Родом из детства

Раиса Коротких
       
       Родом из детства

Вспоминаю ее, и сразу же память, как наяву, воспроизводит сцену из детства: прихожу к ней домой, и ее мама тут же идет в сарай и несет в руке только что снесенное их курицей яичко. Яичко теплое, светлое, почти прозрачное, словно омывается солнцем в натруженных руках ее мамы - тети Наташи.

Тетю Наташу Шмыреву я помню очень хорошо. Она была немного полная, с голубыми глазами, русыми волосами, всегда очень приветливая. В ней жила добрая русская душа, и рядом с ней было как-то уютно, спокойно, хотя ее жизнь в послевоенные годы, как и у всех ее соседей – Зайцевой тети Маруси, Лисичкиной тети Нюры, да что там говорить, у каждого жителя Серебряных Прудов, была полна забот и трудностей. «Возьми, скушай», - говорит мне тетя Наташа и не хочет слышать моих тихих отказов: «Спасибо, не надо, ну что Вы» и т.п. Ведь в трудные послевоенные годы это было такое богатство, особенно, когда своих детей много, а работник, дядя Гавриил, был один. Хватало тете Наташе своих забот, но и души ее хватало на всех.

Это детское воспоминание и чувство благодарности к Галиной маме, как и к родителям других моих детских, а потом и школьных друзей, остались и живут в моей памяти как одно из лучших видений детства, а может быть, и жизни.

Но Гале Шмыревой, потом Подоваленко, по мужу, своей подруге по школе, по жизни я этого рассказать не успела. Казалось, еще успеем все и обо всем вспомнить. А сегодня говорим о других, нынешних интересах, в кругу которых, прежде всего, дочки, внучки, их семьи, свои семьи, все происходящее вокруг.

 Так, наверное, бывает у всех, больше живем сегодняшним днем.

После окончания школы Галя первой из наших одноклассниц вышла замуж, уехала в город «Видное», южную окраину Москвы, где и прожила всю жизнь. Она была педагогом по образованию, но жители города «Видное» знали ее больше как заведующую отделом кадров центральной районной больницы.

 Она, как и ее мама, делала людям много хорошего, и, слава Богу, что в период ее болезни многие из ее окружения пытались вернуть хоть чуточку того, что получили от нее, заботясь о ее здоровье. «С ума можно сойти, на какой машине меня сегодня возили на анализы», - шутила она, разговаривая со мной по телефону после первой выписки из больницы. Ей оставалось жить совсем немного, и можно только благодарить тех, кто дарил ей эти маленькие радости, снимая с нее хотя бы иногда тяжелый груз дорог, переездов, переходов из больницы домой и обратно.
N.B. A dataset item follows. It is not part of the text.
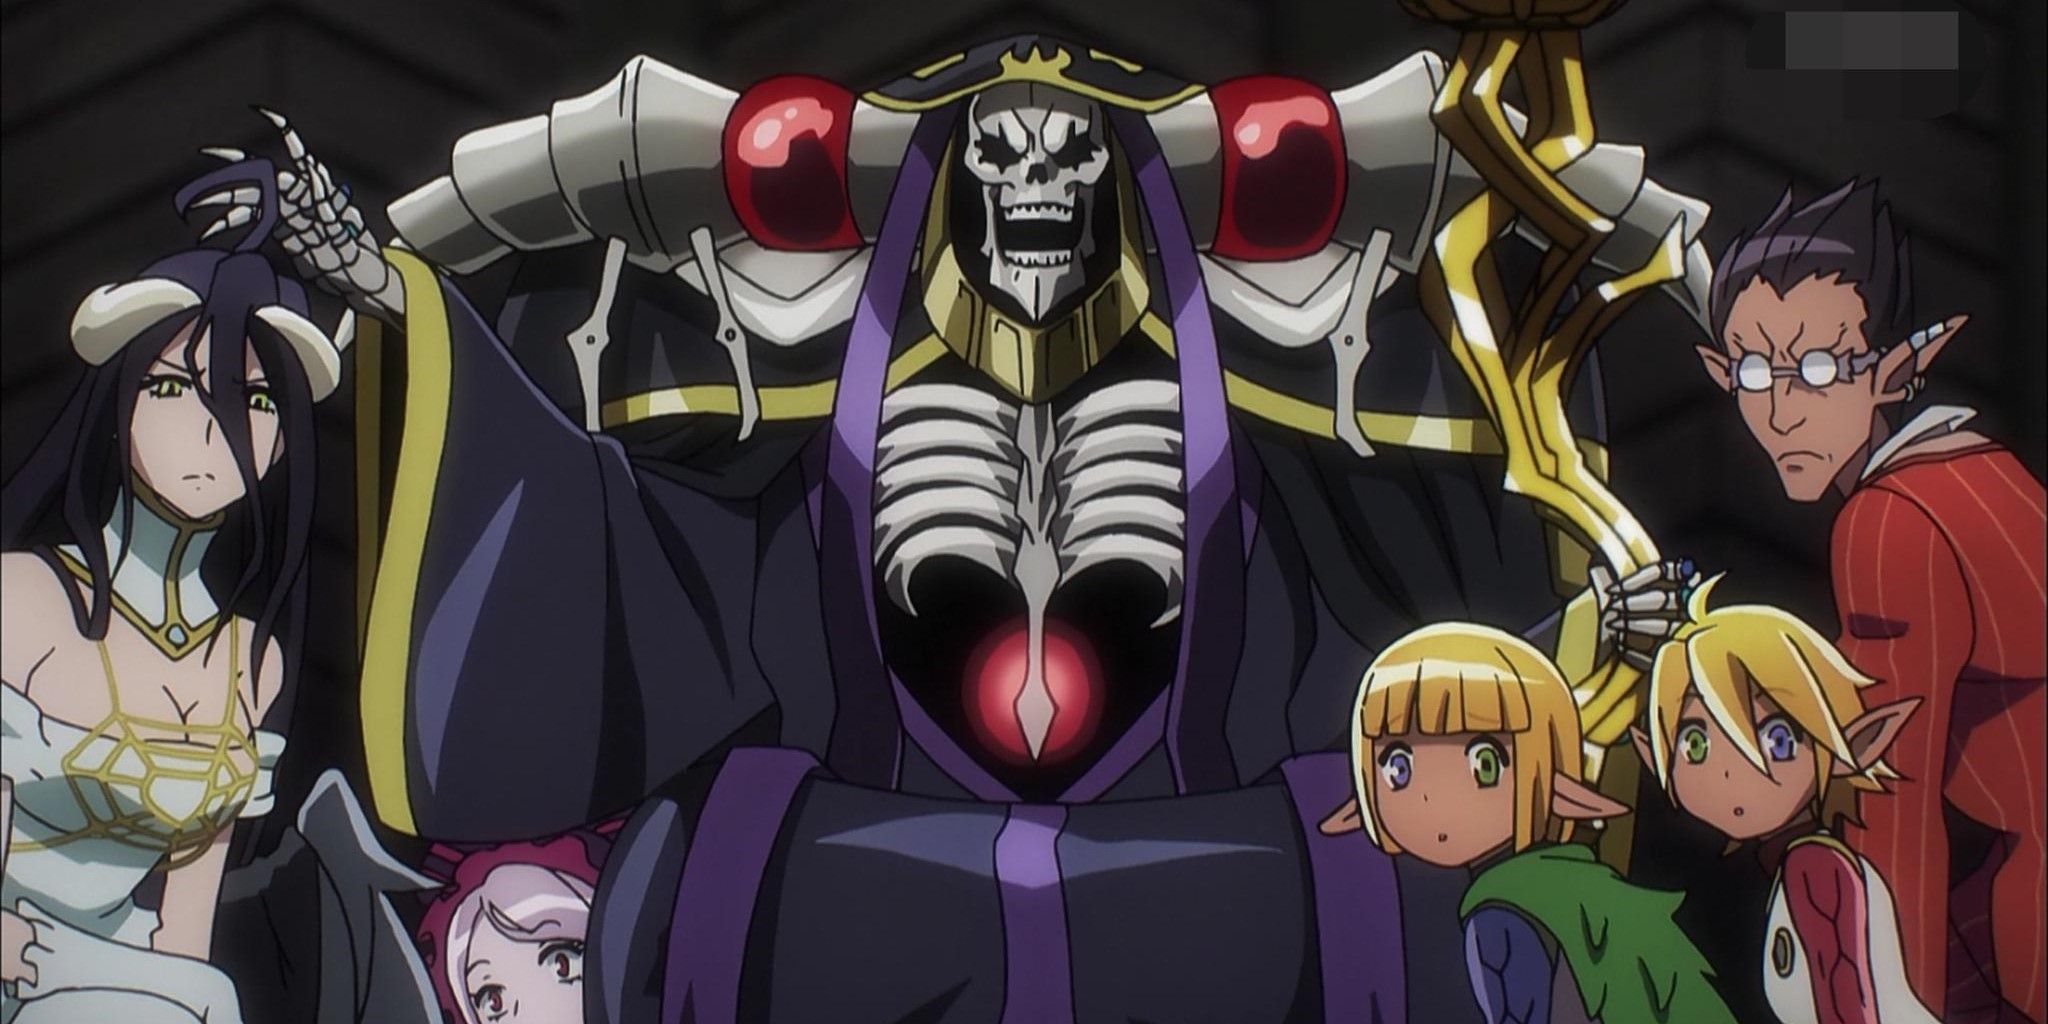 Best Overlord - Power of their MMO Character

Когда-то давно, лет двадцать назад, Галя тяжело заболела, было что-то с позвоночником, и она уже не могла ходить. Но после операции она начала понемногу вставать на ослабевшие ноги, потихоньку расхаживаться, и ее муж Юра долгое время повсюду носил за ней раскладушку, чтобы она, устав, могла прилечь и снова тронуться в путь.

Почему-то этот образ раскладушки в его руках запомнился мне надолго. Можно только радоваться, что в отношениях людей, всегда сложных, противоречивых, не лишенных обид, непонимания бывают и такие светлые, нежные, наполненные заботой о другом человеке, грани, оттенки отношений. Они, наверное, и оправдывают все, что остается по другой их стороне. Как охранная грамота, выдаваемая, наверное, свыше, и далеко не каждому.

 У Гали, мне кажется, она была и в последние трудные, изводящие болью, дни ее жизни. Юра дневал и ночевал во время ее пребывания в больнице, был при ней в последние часы, минуты жизни. Я думаю, что тетя Наташа, умирая от горя видеть дочь в таком состоянии, сказала бы ему спасибо. Все-таки есть милосердие Божие в том, что родители чаще всего не доживают до этого.
 
Но тогда, после первой операции, Галя расходилась, окрепла, и все рвалась в Серебряные Пруды. Это была огромная, не остывающая с годами, а только усиливающаяся любовь. Ко всему и всем. Людям, домам, дорогам, каждой тропинке от дома до дома на нашей родной с ней Октябрьской улице и не только на ней.

Как она радовалась, когда Галя Лисичкина, по мужу Токарева, занимая тогда высокий пост в родных краях, помогла ей с приобретением кусочка земли в Бокше, недалеко от Серебряных Прудов. Место в низине, но если подняться чуть выше, то глазу открывается вся ширь и красота нашей серебрянопрудской земли. А если бы стать на минуту птицей и подняться на высоту птичьего полета, то можно увидеть и нашу серебрянопрудскую церковь с голубыми куполами.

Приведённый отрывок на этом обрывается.